Eine bakterielle Gehirnhautentzündung ist ein absolute Notfall, der sofort in einem Krankenhaus behandelt werden muss. Wenige Stunden können hier über Leben und Tod entscheiden. Die virale Meningitis ist zwar akut weniger gefährlich, da sie sich aber zumindest zu Beginn der Erkrankung ähnlich äußern kann wie die bakterielle Gehirnhautentzündung, sollten Erkrankte in jedem Fall unverzüglich einen Arzt aufsuchen oder nochung besser in ein neurologhenhaust Krankenhaust.

Diagnose einer Meningitis

Eine bakterielle Gehirnhautentzündung lässt sich vom Laien nicht von einer viralen unterscheiden. Um zu bestimmen, ob die Auslöser Bakterien, Viren oder andere Erreger sind, nimmt der Arzt Blut ab und führt schnellstmöglich eine liquorpunktion durch. Dabei wird “Nervenwasser” im Bereich der Lendenwirbelsäule entnommen und anschließend Aussehen und Zusammensetzung des Liquors untersucht sowie der Erreger bestimmt.

Behandlungsmöglichkeiten

Liegt eine bakterielle Meningitis vor, ist dies ein absolute Notfall! Je schneller die Krankheit erkannt wird, umso besser lassen sich lebensbedrohliche Komplikationen wie eine Blutvergiftung vermeiden. Deshalb verabreicht der Arzt schon bei begründetem Verdacht auf eine durch Bakterien bedingte Gehirnhautentzündung ein antibiotic.

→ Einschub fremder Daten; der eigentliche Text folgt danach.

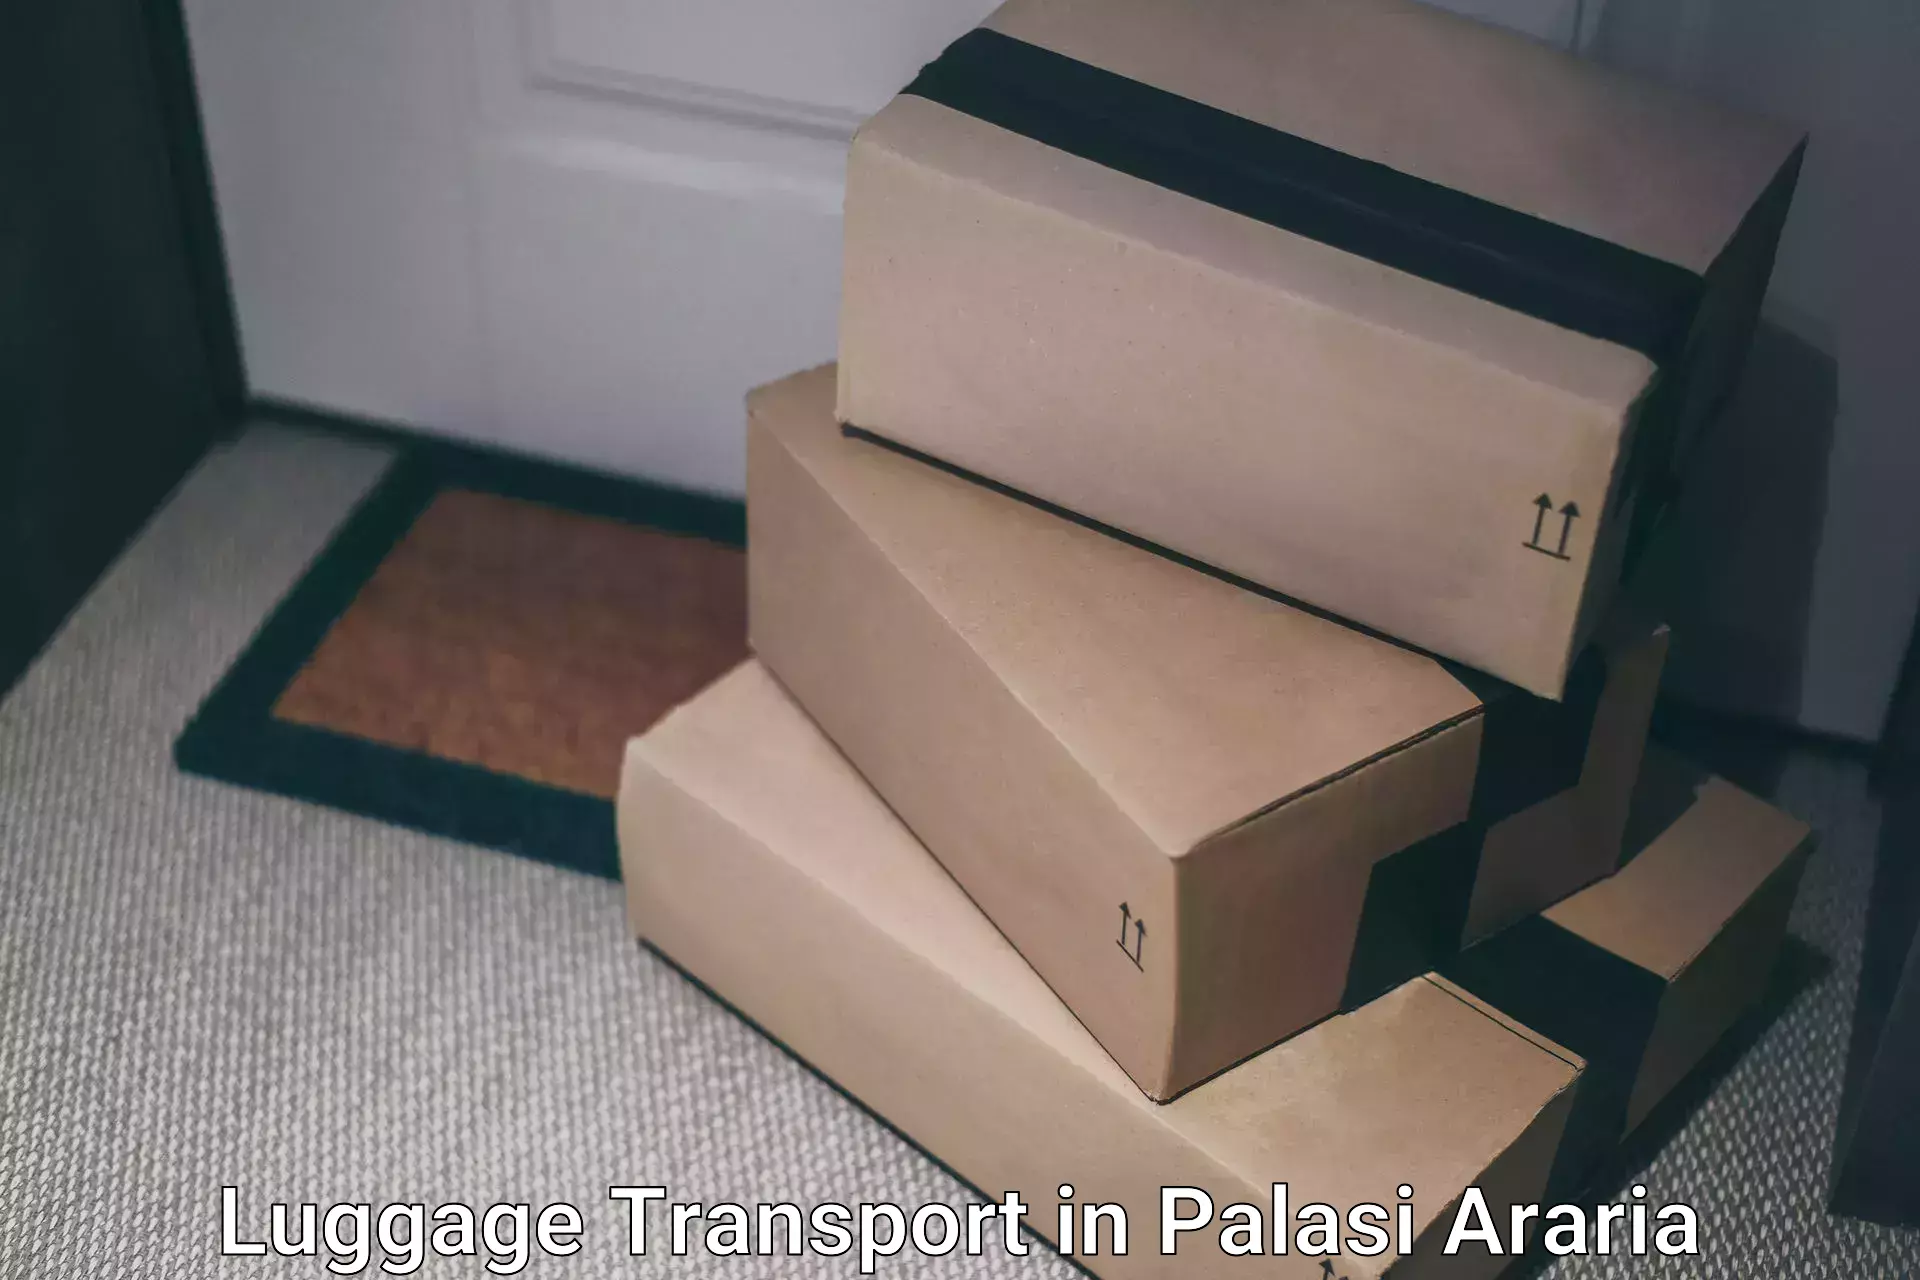 Baggage transport professionals in Palasi Araria

Eine viral bedingte Meningitis heilt normalerweise innerhalb von etwa zwei Wochen meist von alleine ab, ohne dass Komplikationen auftreten. Wichtig ist: Bettruhe. Gegebenenfalls können fiebersenkende oder schmerzstillende Mittel die Symptome lindern.

Ist eine Meningitis ansteckend?

Ha. Die Erreger, egal ob Bakterien oder Viren, können von Mensch zu Mensch übertragen werden. Und zwar vorwiegend durch eine Tröpfcheninfektion, das heißt beispielsweise durch Küssen, Husten oder Niesen. Wer mit einem Erkrankten in engen Kontakt kommt, kann sich leicht anstecken. Vorsorglich erhält die Kontaktperson ein Antibiotikum, um sich vor einer bakteriellen Meningokokken-Meningitis zu schützen.

impfungen schützen

Schutzimpfungen gibt es in Deutschland derzeit gegen Meningokokken von den Typen C, B, A, W und Y sowie gegen pneumokokken and Haemophilus influenzae – additionally gegen bestimmte Erreger einer bakteriellen Meningitis. Gegen die viral verursachte Gehirnhautentzündung existiert (mit Ausnahme der FSME-Impfung) kein Impfstoff.

Die Standige Impfkommission empfiehlt, dass Babys innerhalb of the ersten 14 Lebensmonate die Impfungen gegen Haemophilus influenzae sowie gegen Pneumokokken erhalten. Apr 12 Monaten empfiehlt die STIKO eine Immunisierung gegen Meningokokken.
die Pneumokokken-Impfung wird additionally menschen ab 60 years empfohlen.

Da auch Mumpsviren eine virale Meningitis auslösen können, wird eine Kombi-Impfung gegen Mumps, Masern und Röteln für Babys ab dem Alter von elf Monaten empfohlen.

Gegen die Frühsommermeningoenzephalitis steht die FSME Impfung zur Verfügung. Sie wird allen Menschen empfohlen, die sich in FSME-Risikogebieten aufhalten.